Crowdstrike at some time in the past issued an update that had an “out-of-bounds memory read” error. Their internal testing should have caught the error, but it did not because it only happens if a certain type of configuration file is present, and that type of configuration file was not used when testing the code. Then on Friday July 19th they pushed an update to the configuration file that caused their code to incorrectly try to read something that was not there (out-of-bounds memory read). Windows correctly identified abnormal behavior and shut down to prevent starting in an unsafe way. In other words, Windows experienced a Blue Screen of Death where it shows a blue screen with an error during startup and has to be shut down.
Normally security issues like this are fixed quickly and the public only has to experience a downtime of a few hours. The Crowdstrike issue took much longer to fix because it damaged how Windows starts up. Because CrowdStrike’s code is security software it has to be loaded and run early in the Windows startup process. Once a Windows computer downloaded the problematic configuration file the only way to start it again is to remove or replace the file. That means that a person has to visit each computer individually, start it in something called ``safe mode’’ and remove the problematic file. This process takes time and cannot be fixed remotely or automatically. There were some innovative solutions, such as the person who realized that automate some of the process using a barcode reader.
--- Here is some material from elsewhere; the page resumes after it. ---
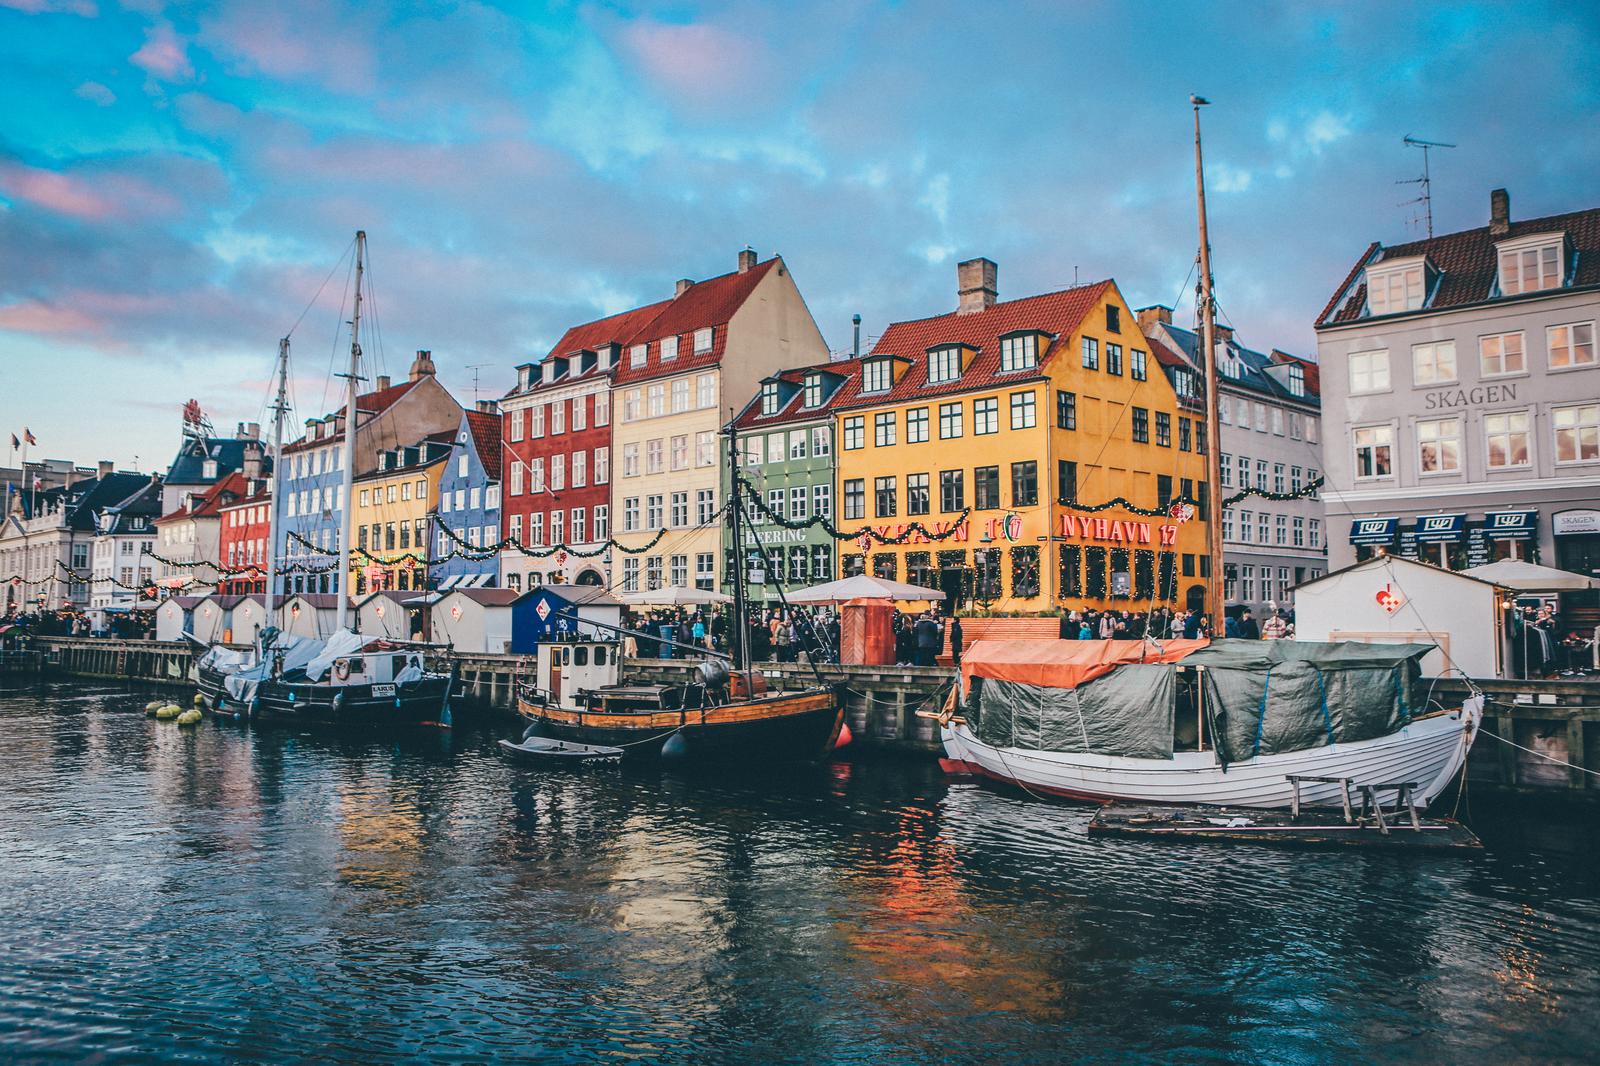 Name That City! Put Your Travel Knowledge to Test With This Picture Quiz! Copenhagen, Denmark

Testing and update management
Due to the incident CrowdStrike has decided to: “add additional deployment layers and acceptance checks” and “allow customers to control how Rapid Response Content is deployed”. In other words, they have decided to no longer release configuration files wordwide all at once and instead do a form of staged deployment. They have also decided to allow the system administrators at companies to decide when and how the configuration files are deployed on their own computers. So it may now be possible for admins to test configuration files in advance of deploying them.